Sono lontani i giorni delle immagini delle corsie piene dei nostri ospedali e dei mezzi militari utilizzati per il trasporto dei deceduti, ma dovremo fare i conti con una guerra lunga che necessiterà di misure di prevenzione e contenimento ancora per lungo tempo. Il nostro Paese, più di ogni altro, l'ha capito e ne ha fatto la propria guida di politiche pubbliche.
È stato un anno di robusta e solida crescita economica dopo mesi difficilissimi, nonostante il perdurare della crisi e l'impennata dei prezzi energetici. Il Next Generation Eu comincia a mostrare la propria vitalità e la sua concreta attuazione già sta consentendo al paese e all'Europa di guidare una ripresa più rapida delle stesse previsioni. È stato l'anno dell'Italia, come ben sintetizzato dalla copertina dell'Economist. L'anno del lavoro sapiente e concreto di Mario Draghi, l'anno del binario giusto sul quale far viaggiare la nostra locomotiva, con populisti e nazionalisti di ogni risma ridotti a rumore di fondo.
Bisognerà tenerne indubbiamente conto nelle prime settimane dell'anno venturo, nel delicato tornante dell'elezione del presidente della Repubblica. È stato anche l'anno che ci ha regalato di nuovo il sorriso di Zaki, testimonianza di quanto ancora il connubio tra libertà e diritti umani sia il pendolo delle oscillazioni globali e geopolitiche rivolto avverso i regimi e l'oppressione. Questo, indubbiamente, uno dei principali impegni per l'anno che verrà, pena la marginalità occidentale da molti scenari internazionali che stanno diventando teatri di esercizio per una rinnovata politica d'influenza di altre grandi potenze globali, come Cina e Russia.
A partire dall'Afghanistan e dall'immane tragedia delle sue donne e della sua popolazione. In politica estera è stato soprattutto l'anno del ritiro caotico e improvvisato da quel paese. Dimenticarlo equivale non solo a lasciare in sospeso i conti con la storia, che prima o poi torna con le aggravanti del tempo, ma equivale innanzitutto a non fare i conti con le sfide che ci aspettano nel futuro. Da una parte l'Europa con la sua ambigua potenza, dall'altra parte gli Stati Uniti con la sua incertezza tra isolazionismo e paura di smarrire primati, lasciano praterie all'affermarsi o al consolidarsi nel mondo di regimi oppressivi che sono il naturale focolaio di violenze verso la popolazione e di iniziative anti-occidentali, siano esse terroristiche o di altra natura.
Qui non si tratta di essere ingenui: libertà e diritti umani ovviamente non sono l'unica bussola.

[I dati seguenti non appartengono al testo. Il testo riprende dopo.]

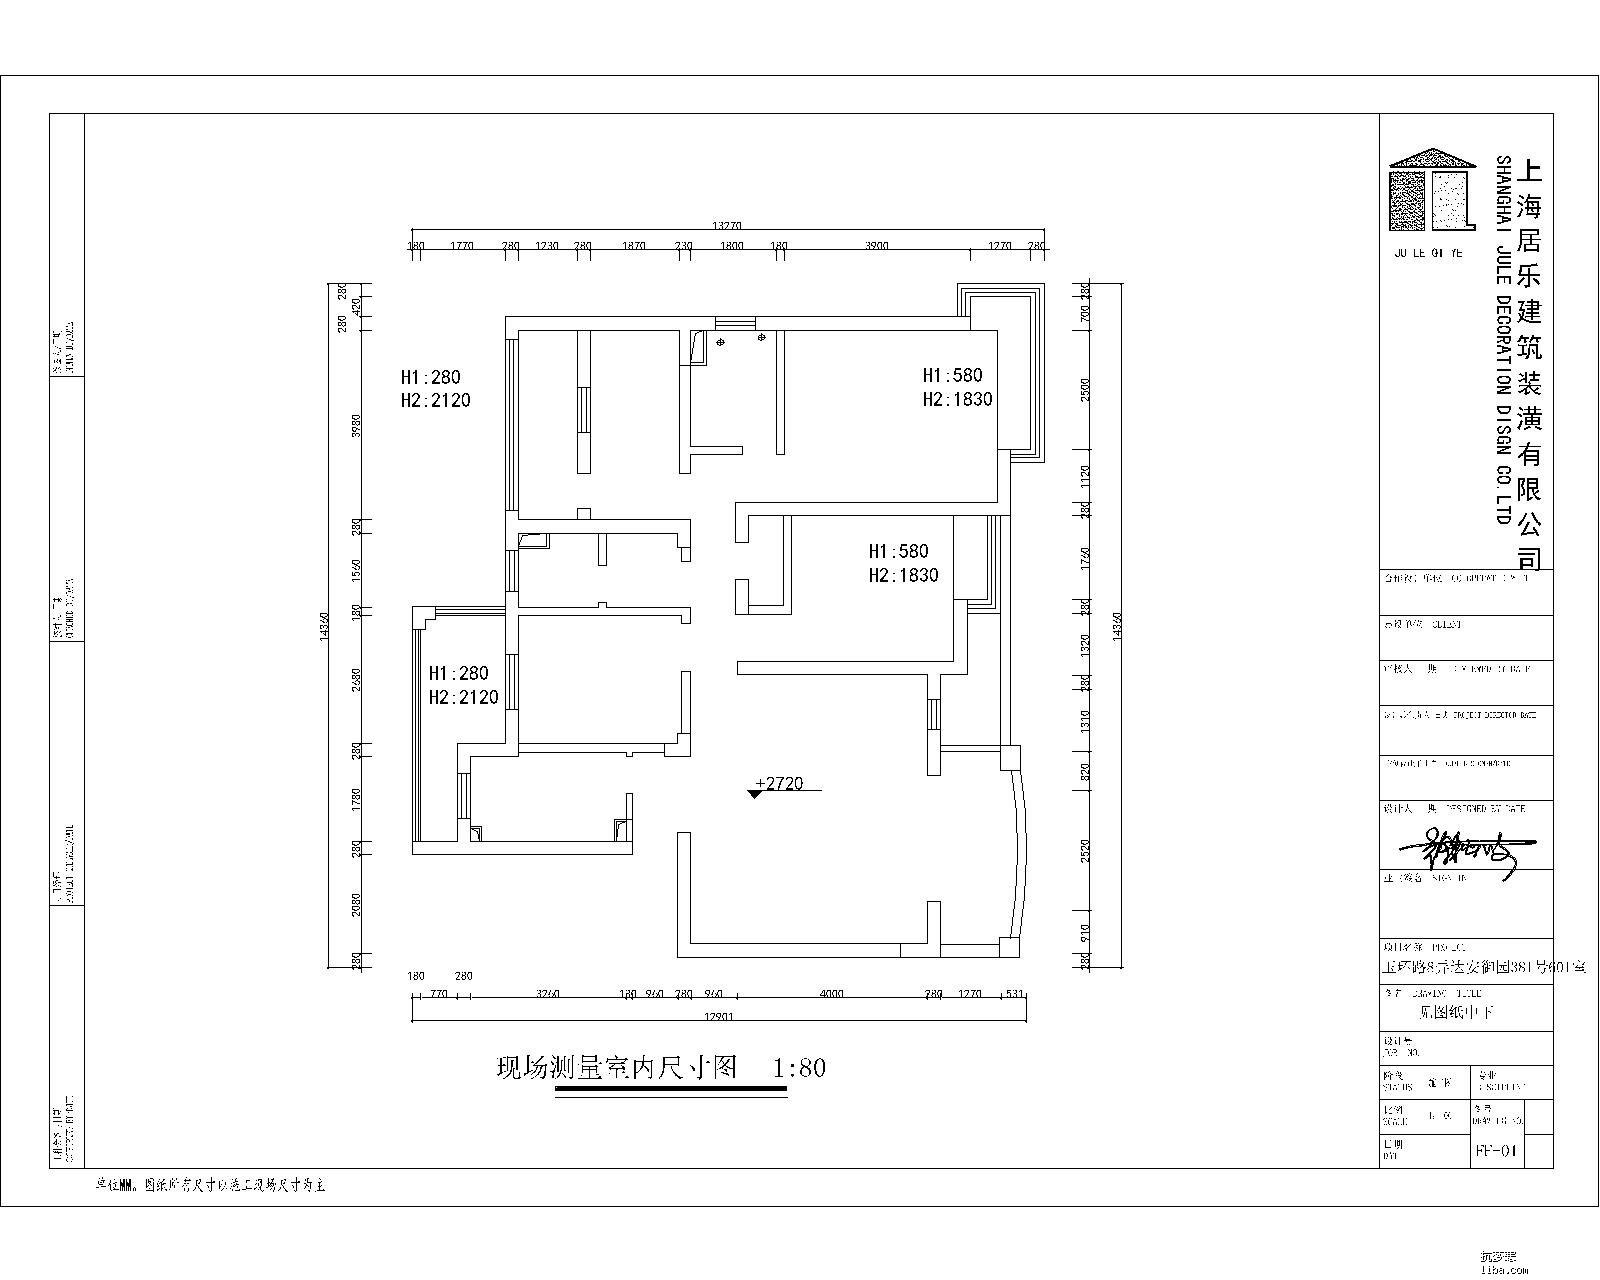 先看看房子本来的面目吧。也是好几十年的老房子,2楼,两间卧室一南一北,暗厅对着朝北的厨房和卫生间。 首先是门,门右边是鞋柜。将来这个位置还是打算做鞋柜的。  决定把一楼改为装修费用清单楼。 2/18 Aw会员卡,可延保一年 10 合计:10 2/18 居乐装修订金 1000 合计:1000 2/18 物业垃圾清理费 300 合计:300 2/20 星月神防盗门 计1050 订金200 弗兰卡油烟机、灶具、水槽 4690(全额未送货) Arrow马桶

È negarne la piena cittadinanza nella nostra politica estera ad essere ingenuo, oltre che moralmente sbagliato. Se riduciamo il confronto tra potenze ai soli primati economici, energetici e tecnologici, presto o tardi a prevalere potranno essere regimi che sull'altare di quei primati sono disposti a sacrificare qualsivoglia libertà e diritto.
In poche parole, combinare la politica estera dell'Unione Europea con la ricerca della libertà e l'affermazione dei diritti umani non è solo giusto ma utile. Si è molto parlato nei mesi scorsi di corridoi umanitari, per garantire chi fugge dal rinnovato orrore dei talebani, in particolare per le donne di quel paese. Siamo ancora in tempo, si è sempre ancora in tempo, finché la vita prevale sull'orrore e finché la nostra presenza in scenari di guerra e oppressione trova senso anche in princìpi non negoziabili.